A lot of the parents seem to be missing in action. And if mum is getting Botox, what example does that set for her daughters. We are not supposed to disparage women for any of the choices they make, so there is no countervailing social pressure. What to do?
Whaaaaat??? Back in 1973, every girl I knew in 9th grade wore lip gloss, mascara, and Love’s Baby Soft.
God, I hate Now.
Are you saying it’s a fuss over nothing? And that it’s nothing new?
Well it’s nothing new to the oldsters who accurately recall our preteen years…
And makeup washes off. It’s not like Botox or plastic surgery. And girls do like to copy adults. Perhaps the author is disappointed that nothing has changed. In the olden days there was an idea that make up, heels etc were examples of patriarchal oppression.
The more freedom women gain, the more they seem to freely choose things that second wave feminists saw as evidence of their lack of freedom.
I feel sick.
I don’t know, my parents wouldn’t allow makeup until I was 13 and that was in the late 70’s. At least this is about skin care rather than thick black kohl eyeliner. It’s rather embarrassing to look back at certain photos now…
Despite all the current talk about the gut microbiome, there is little reported on the skin microbiome (not to mention lung microbiome, etc). The skin microbiome – an intricate community of bacteria that play a part in our immune system – is definitely altered by the use of skin ‘care’, bath and beauty chemicals, cleansers, creams, etc. It is well established that some skin diseases are associated with an altered microbial state.

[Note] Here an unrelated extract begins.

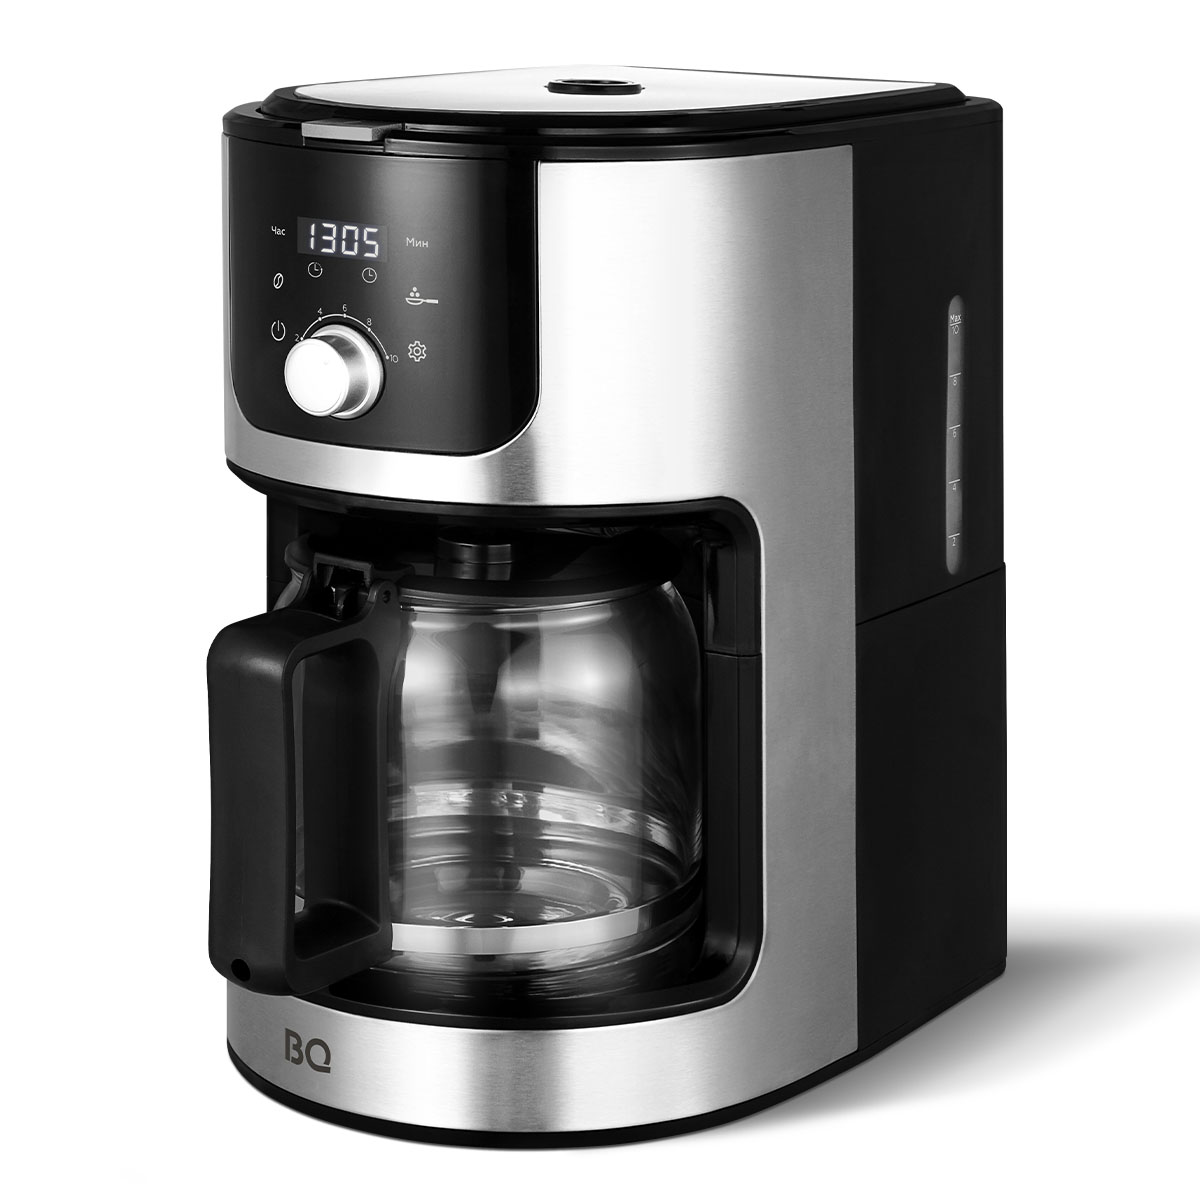 Кофеварка капельного типа BQ CM1010 серебристый, черный кофеварка капельного типа bq cm7002 серебристый

How much the disruption of the indigenous skin microflora, through the early use or long-term effects of beauty products, has contributed to skin problems such acne, eczema, dermatitis, rosacea or signs of ageing is unclear. After all, none of the big beauty behemoths are going to invest in studying negative effects are they? Especially as you can make a lot of money on a potion or lotion for said effects. Perhaps best to let children just be children on health grounds as much as anything else. Plain water for washing goes a long way. Just a thought!